I don't blame the cats, I blame the people who own them. But you can't shoot the people!

But if there are cat people here and who are fair dinkum, lets see who here does the right thing.

How many cat owners on here or who will read this thread, keep their cats in cages, or , never let their cats out of the house??

Cats will hunt and kill just as often by day as they will at night, so there is no excuse for only locking a cat up at night.
The only responsible manner in which to keep a cat is caged. The cage can be as big as you like but it must not be able to get out. 
Don't believe that just because you don't see your cat kill wildlife that it doesn't happen, because a lot of my call outs are first timers, where the owners have never thought the cat would do it, and were shocked and horrified.

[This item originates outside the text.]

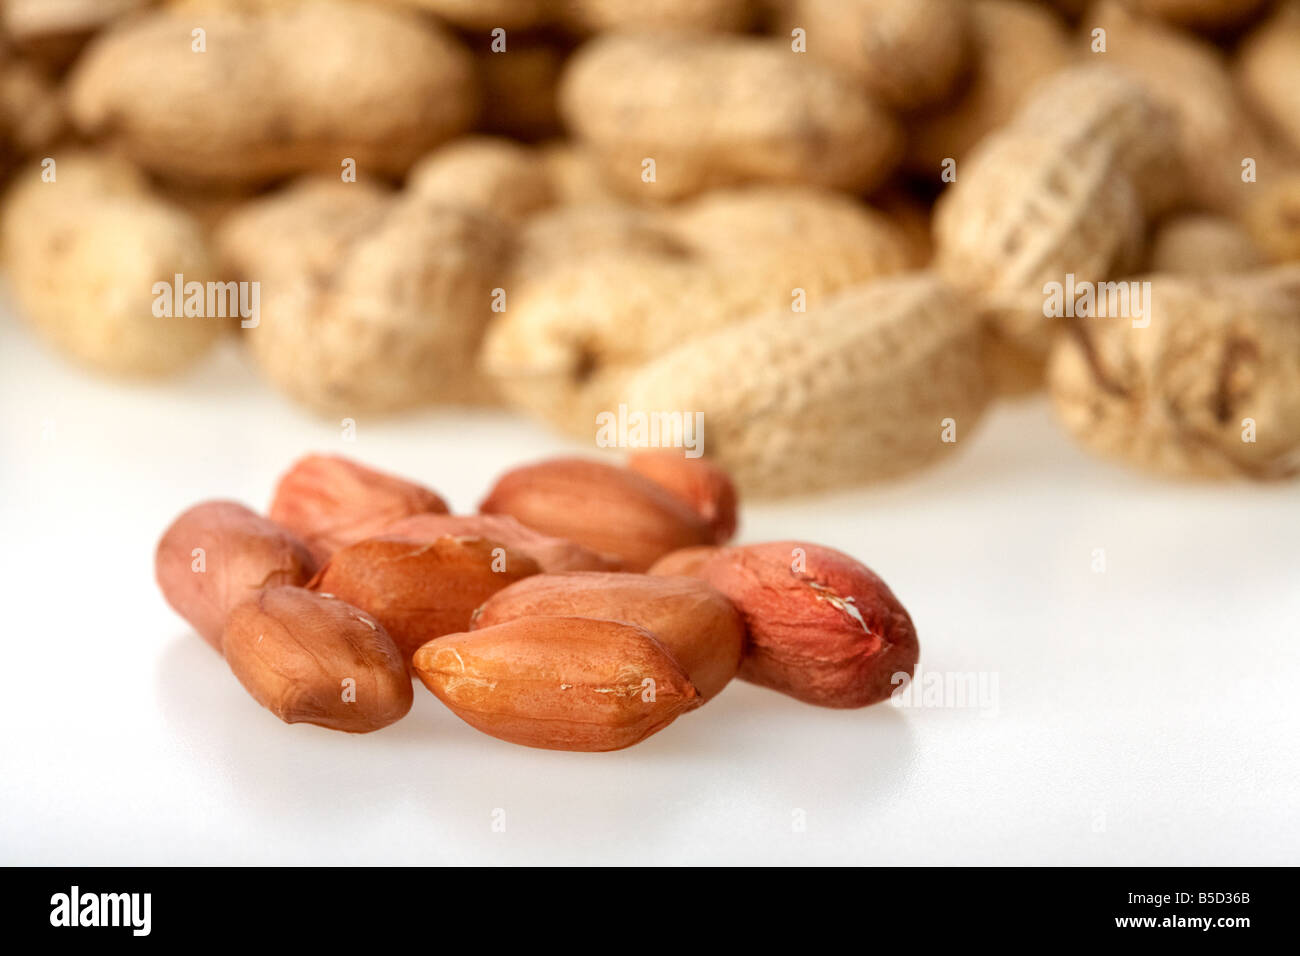 pile of peanuts in their shells and some shelled nuts Stock Photo

Cats are so mainstream that keeping them caged is considered offensive to many people. This is a thought pattern that cat owners have to accept and learn to see the other side, another perspective. 
Local councils and NPWS should push this more, not leave it up to wildlife organisations, we are not cops or rangers, we just clean up the mess. If NPWS rangers went to cat groups... then they might take notice especially if fines were on offer. But what is the point, there is no law to say how cats should be kept. So you can't say it,....do you see?


----------



## hypochondroac (Oct 13, 2011)

As an example - I know somebody who recently ran over their own cat because it was sitting in their drive way. Two costly operations later and this cat still gets to sit on the drive way.


----------



## RickLeekong (Oct 13, 2011)

as far as im concerned, feral animals should be destroyed on sight, i know there alive but they are playing havoc with our delicate natives and there environments, i honestly don't give a ****, but they should be humanely destroyed without agony and pain. If it were someones pet then you have no right to do so, because its somebody's property and loved pet, there is a difference.


----------



## Darlyn (Oct 13, 2011)

snakeluvver said:


> Anyway, to all the redneck cat killers out there, just imagine that the owner may be a young child. Imagine how upset they'd be if they knew you took their beloved pet, I used to own cats and I know if someone killed my cat I would be mortified, and furious at the person.

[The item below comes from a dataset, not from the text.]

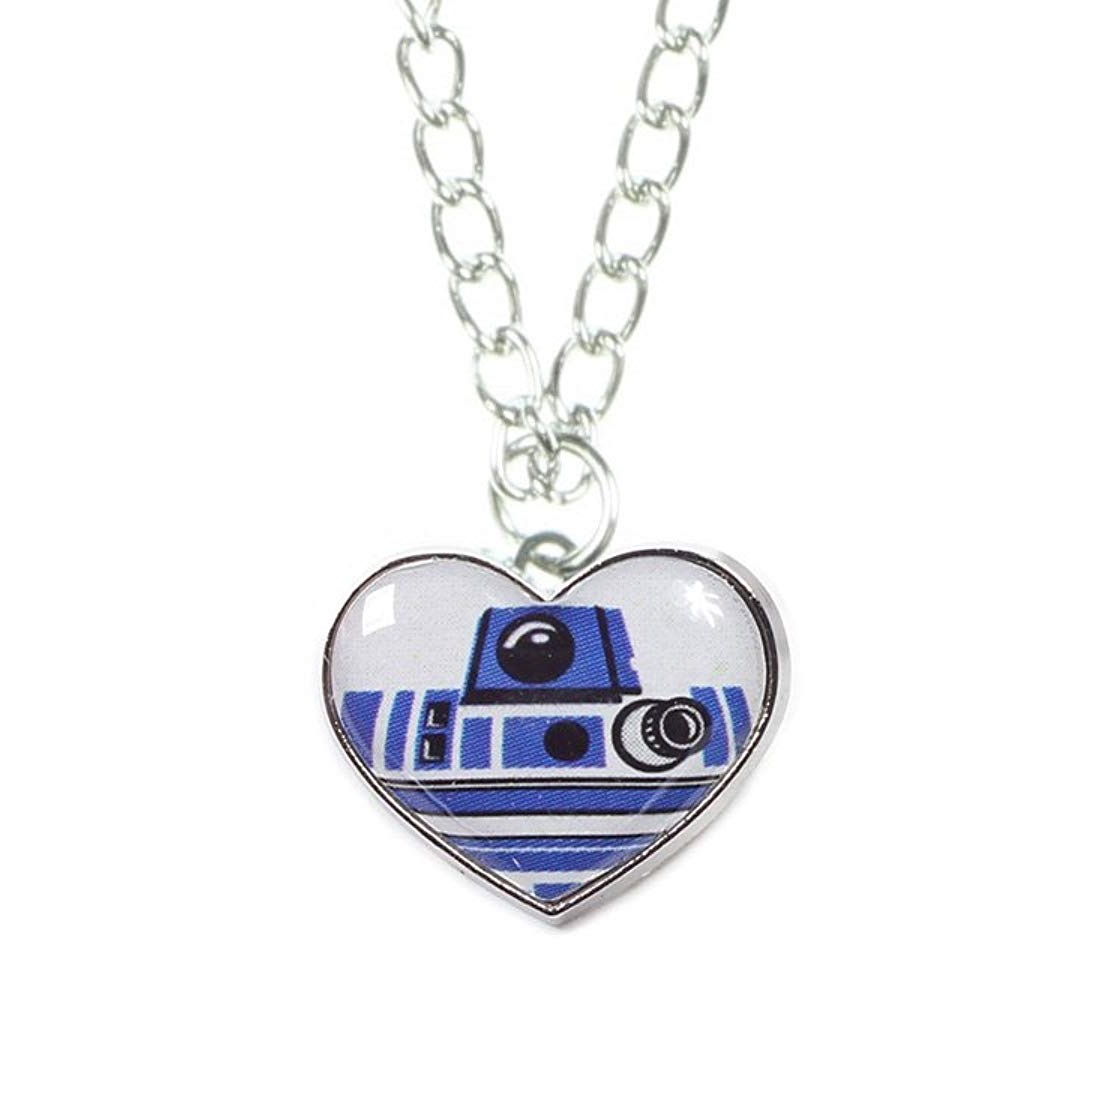 Star Wars R2-D2 heart shaped necklace at Amazon

Just imagine the lizards, skinks, birds parents who are also upset at their offspring be tortured to death.



> I have no idea why some people still kill every cane toad, cat, fox, rabbit they see when clearly they have a well enough established population that no matter how many we kill at this stage they will still exist here




Interesting course of action "blah just leave it be, it's happened now"


----------



## FAY (Oct 13, 2011)

Ummmm CATS
I had a cat for all it's life. I lived in an apartment. It had never been outside.

When we moved here, we had no intention of getting a dog. But guess what?
Every neighbour had a dog, so all the neighbourhood cats would congregate in OUR yard. They would pee all around the cars.Leave cat poo everywhere and get into screaming matches in the middle of the night on the verandah right outside our bedroom. SO we had no choice but to get a dog. No more cats after that.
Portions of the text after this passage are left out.